3. Design with numbers
- Use Jeff Dean's latency numbers
- Calculate capacity with Little's Law
- Estimate storage with back-of-envelope math
Understanding latency and throughput connects directly to many other system design concepts including scalability, SLAs and SLOs, and system design trade-offs.
Frequently Asked Questions
Can you improve both latency and throughput at the same time?
Yes, in many cases. Adding a cache improves both — reads are faster (lower latency) and the database handles fewer requests (increasing effective throughput). Connection pooling, better algorithms, and hardware upgrades can also improve both. The trade-off appears mainly when you use batching (increases throughput, adds latency) or when the system is near capacity.
What is tail latency and why does it matter?
Tail latency refers to the highest latency values (P99, P99.9). In systems that make multiple backend calls per user request (fan-out), the overall latency is determined by the slowest call. If you make 100 parallel calls and each has a P99 of 100ms, there is a 63% chance at least one call will exceed 100ms. Tail latency compounds in distributed systems, making it critical to monitor and optimize.
What is a good target for API latency?
It depends on the use case. For user-facing web APIs, P50 under 100ms and P99 under 500ms is a common target. For real-time applications (gaming, trading), P99 under 10ms may be required. For background jobs and batch processing, latency in seconds is often acceptable. Always define your target based on user expectations and business impact.

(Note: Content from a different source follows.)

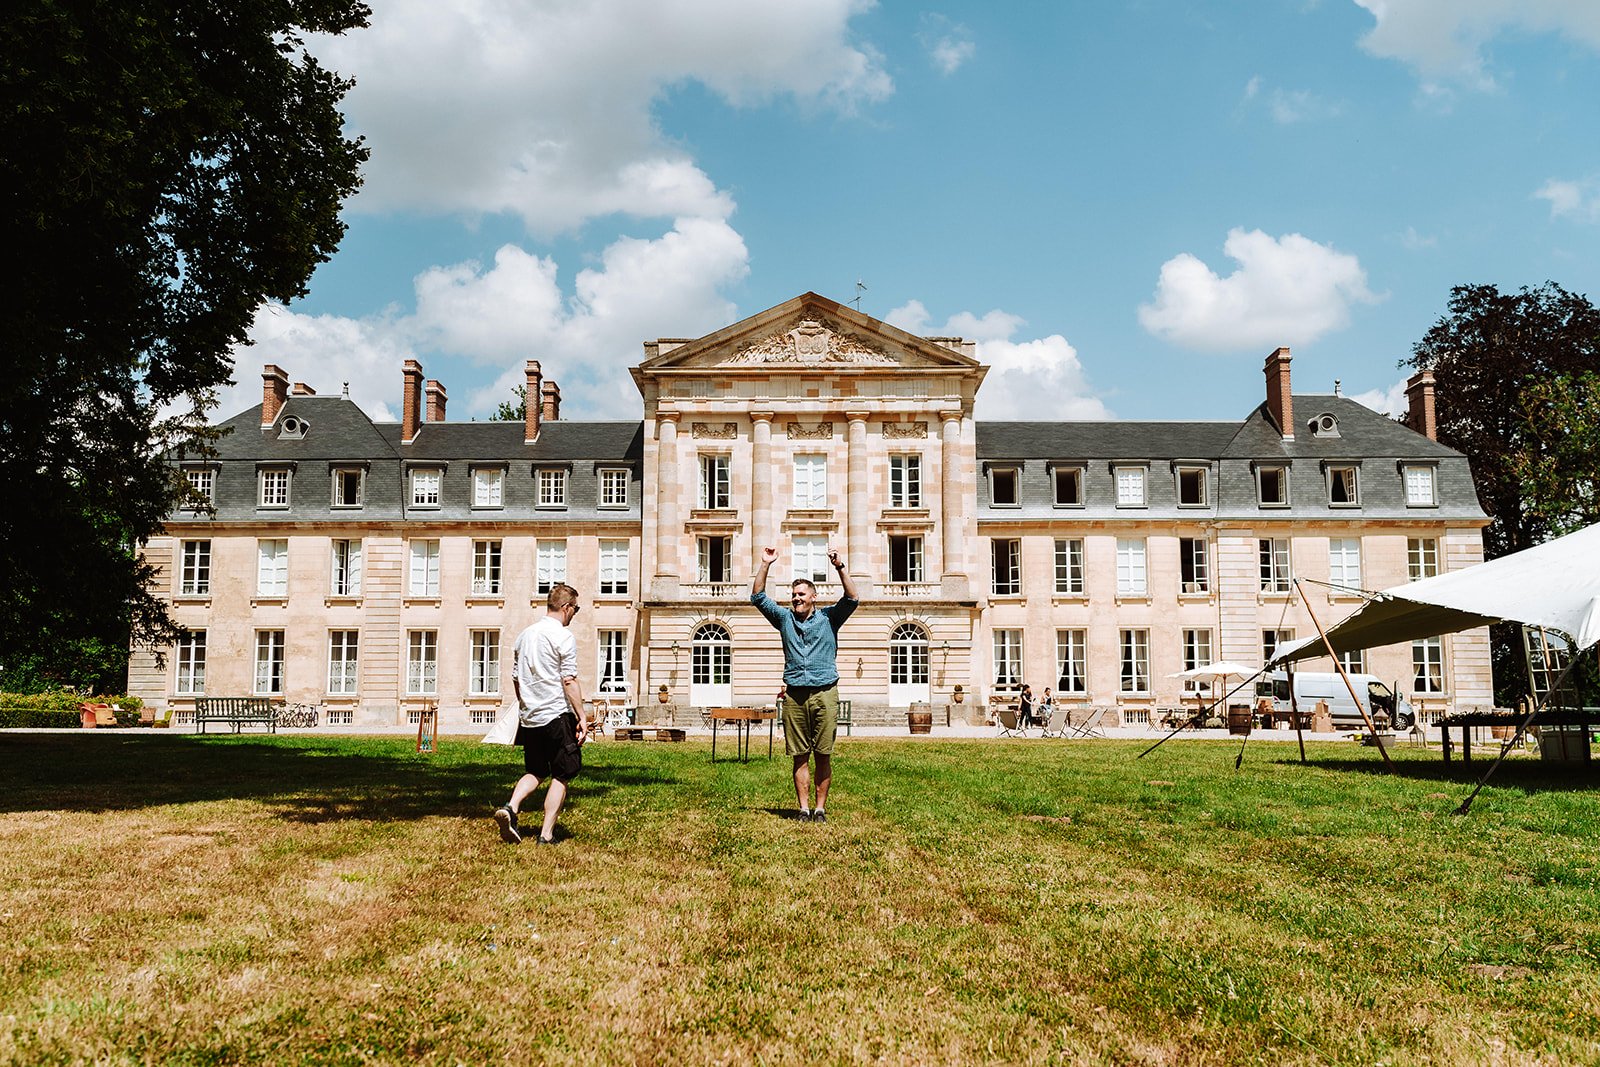 Two men enjoying a lawn game in front of a Chateau de Courtomer, a large French chateau for rent in Normandy.

How does network latency differ from application latency?
Network latency is the time data takes to travel between two points — governed by physics (speed of light) and network infrastructure. Application latency is the time your code takes to process a request. Total latency = network latency + application latency + queueing delays. You can optimize application latency with better code, but network latency has a hard floor: light takes about 67ms to travel from New York to London.
Why do production systems target 50-70% utilization instead of 100%?
Due to queueing theory, latency increases exponentially as utilization approaches 100%. At 90% utilization, latency is roughly 10x the baseline. At 99%, it is 100x. Running at 50-70% provides a comfortable buffer for traffic spikes while keeping latency reasonable. This is also why auto-scaling triggers well before 100% capacity — typically at 60-80% CPU utilization.